Hurray for another reason to express our love for books!!! Here are a few things to help you celebrate this day on your own blog.
Some Images from the Net:
Some New Books About Books (info from Goodreads):
The Little Paris Bookshop by Nina George – Monsieur Perdu calls himself a literary apothecary. From his floating bookstore in a barge on the Seine, he prescribes novels for the hardships of life. Using his intuitive feel for the exact book a reader needs, Perdu mends broken hearts and souls. The only person he can’t seem to heal through literature is himself; he’s still haunted by heartbreak after his great love disappeared. She left him with only a letter, which he has never opened.
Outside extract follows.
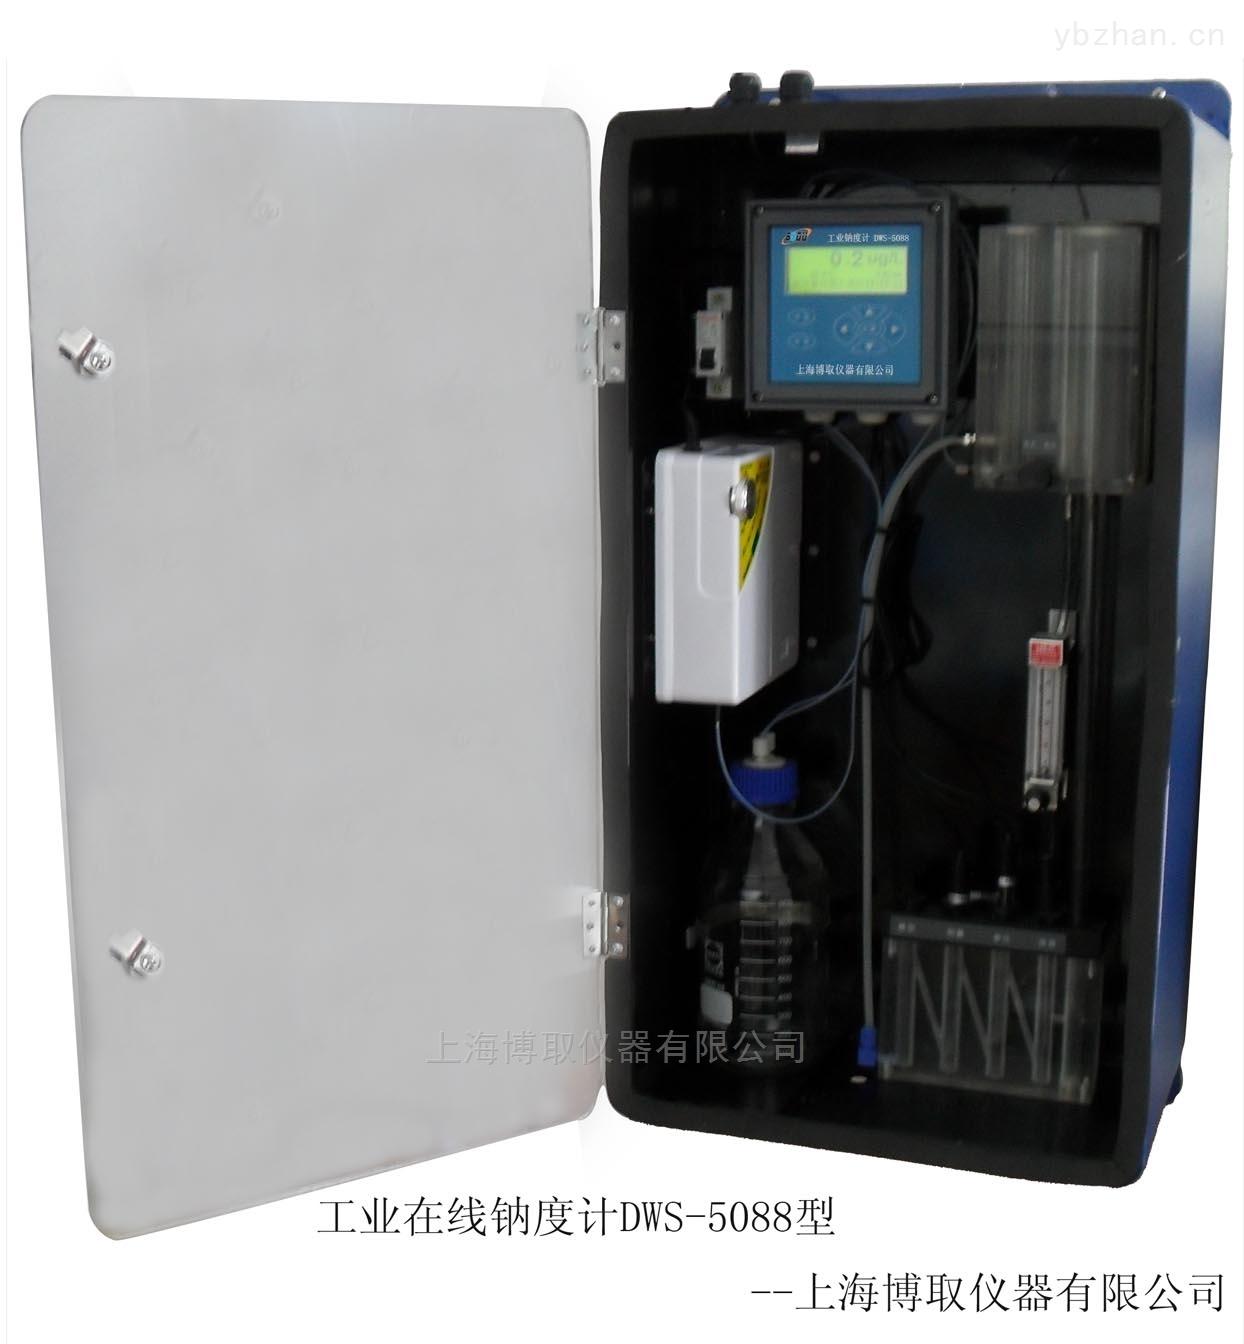 DWG-5088A-蒸汽锅炉钠离子检测仪
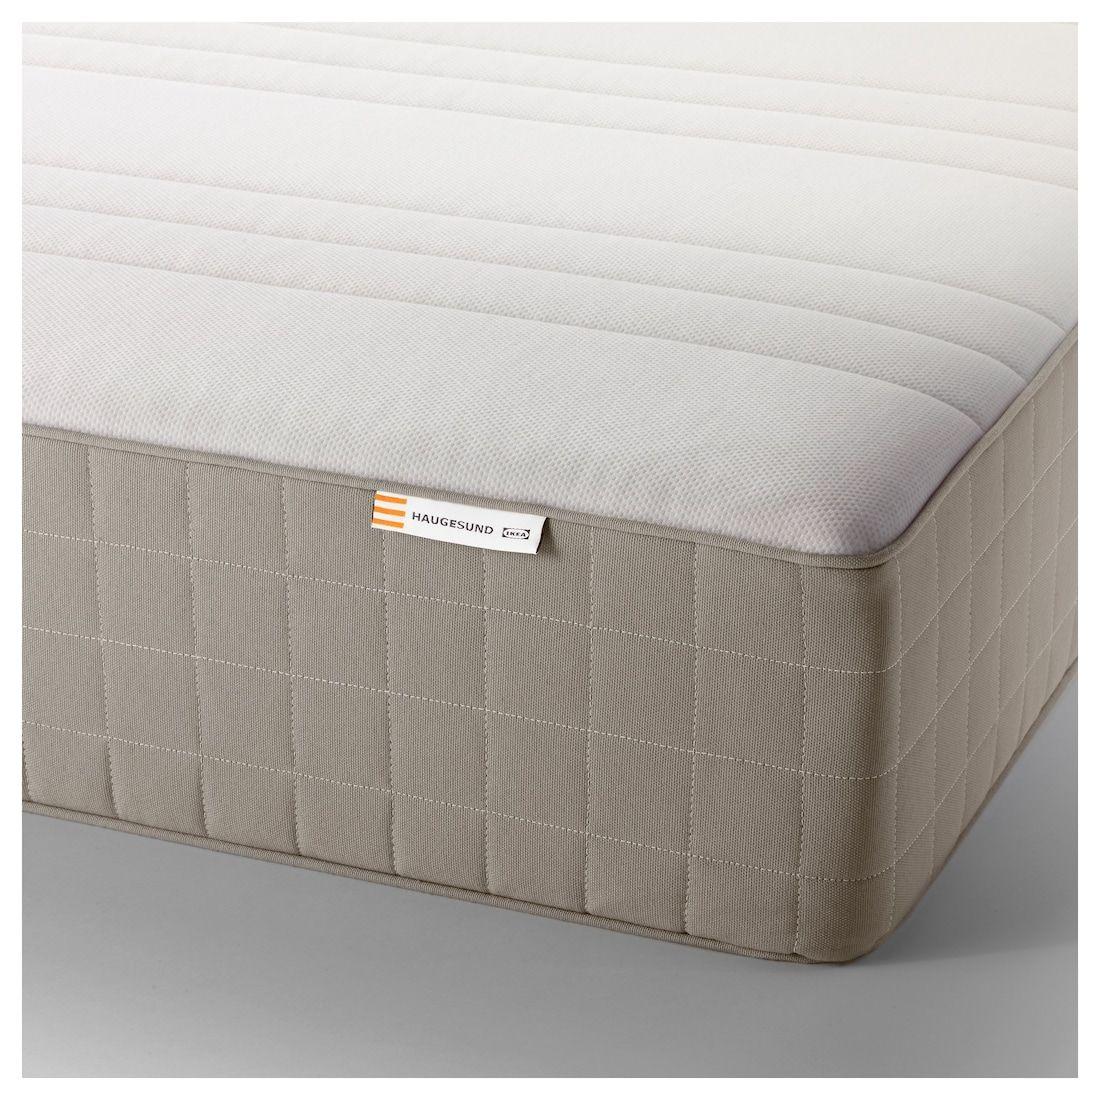 HAUGESUND Spring mattress, firm, dark beige, King IKEA

After Perdu is finally tempted to read the letter, he hauls anchor and departs on a mission to the south of France, hoping to make peace with his loss and discover the end of the story. Joined by a bestselling but blocked author and a lovelorn Italian chef, Perdu travels along the country’s rivers, dispensing his wisdom and his books, showing that the literary world can take the human soul on a journey to heal itself.
The Readers of Broken Wheel Recommend by Katarina Bivald – Warning: once you let books into your life, the most unexpected things can happen…
This is a book about books. All sorts of books, from Little Women and Harry Potter to Jodi Picoult and Jane Austen, from to Stieg Larsson to Joyce Carol Oates to Proust. It’s about the joy and pleasure of books, about learning from and escaping into them, and possibly even hiding behind them. It’s about whether or not books are better than real life.
It’s also a book about a Swedish girl called Sara, her elderly American penfriend Amy and what happens when you land a very different kind of bookshop in the middle of a town so broken it’s almost beyond repair.
Or is it?
The Book of Speculation by Erika Swyler – Simon Watson, a young librarian, lives alone on the Long Island Sound in his family home, a house perched on the edge of a cliff that is slowly crumbling into the sea. His parents are long dead, his mother having drowned in the water his house overlooks.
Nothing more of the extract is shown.